ASSIGNMENT
Starting with the line containing "volkswagen caddy pick" and going on through the line containing "sumitomo naturedeep for", return the lines of the data below exactly, and only those.

INPUT DATA
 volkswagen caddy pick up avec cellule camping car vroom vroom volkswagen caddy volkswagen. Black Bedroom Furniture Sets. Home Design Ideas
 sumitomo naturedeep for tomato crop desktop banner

--

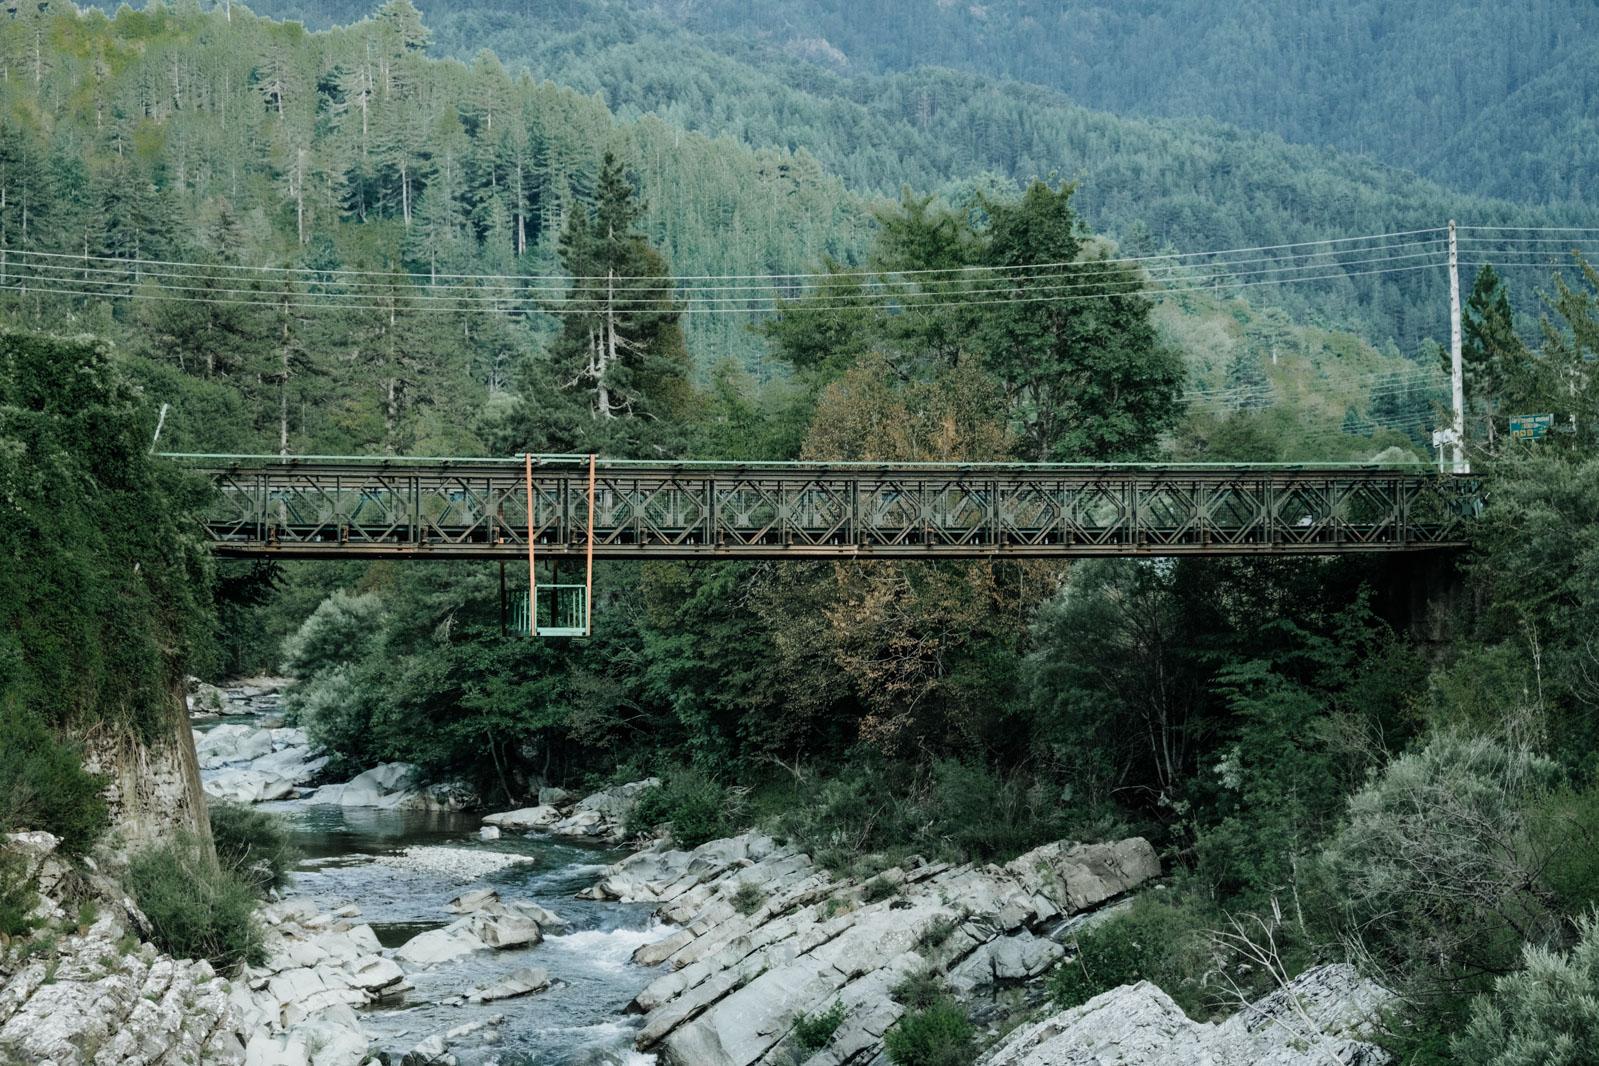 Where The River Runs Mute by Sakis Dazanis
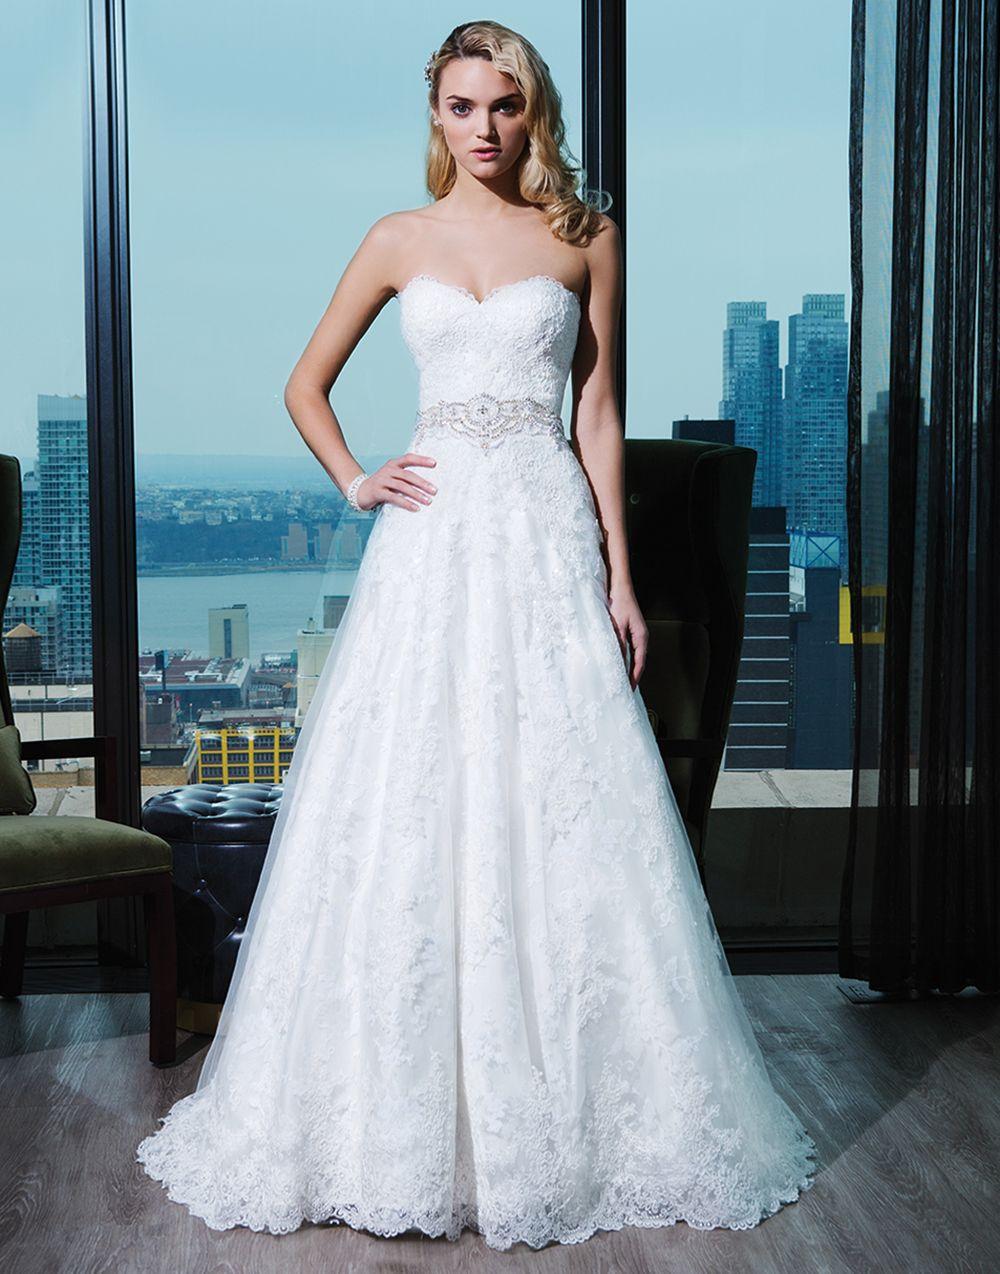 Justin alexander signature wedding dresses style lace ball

--

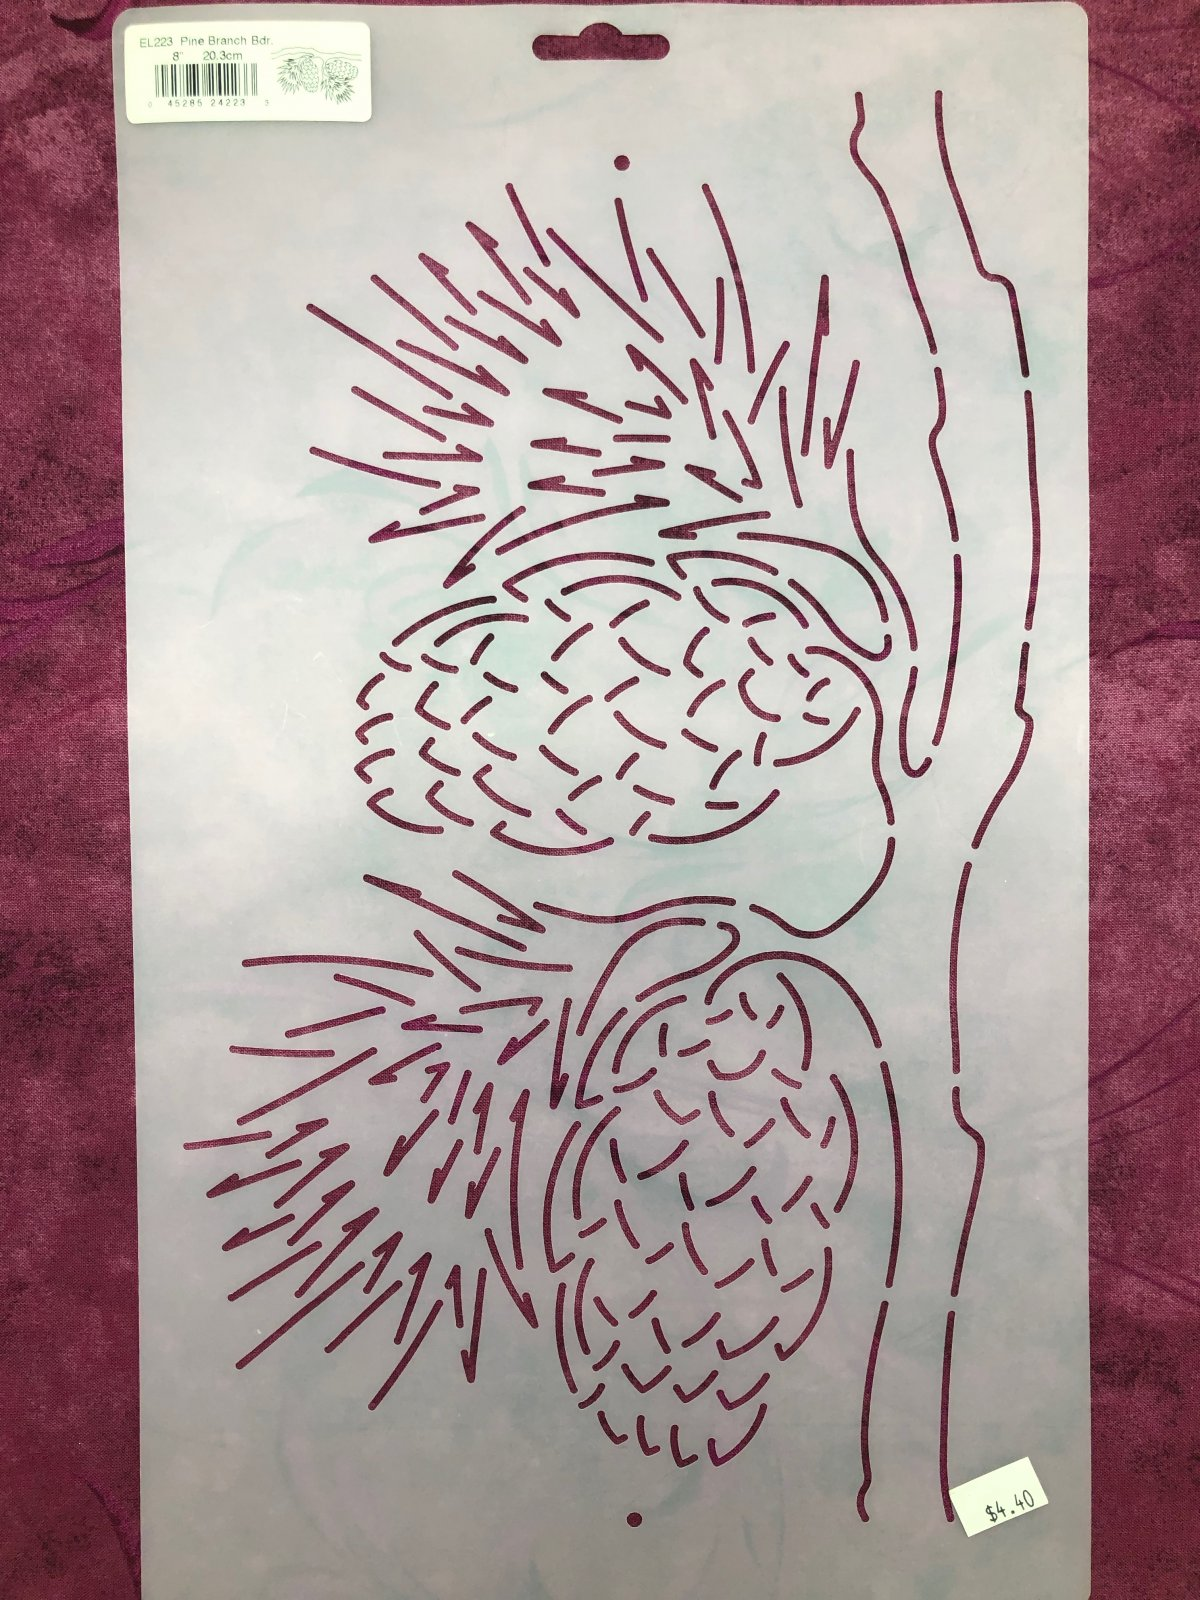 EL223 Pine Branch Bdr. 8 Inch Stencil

RESULT FOR THIS EXERCISE
 volkswagen caddy pick up avec cellule camping car vroom vroom volkswagen caddy volkswagen. Black Bedroom Furniture Sets. Home Design Ideas
 sumitomo naturedeep for tomato crop desktop banner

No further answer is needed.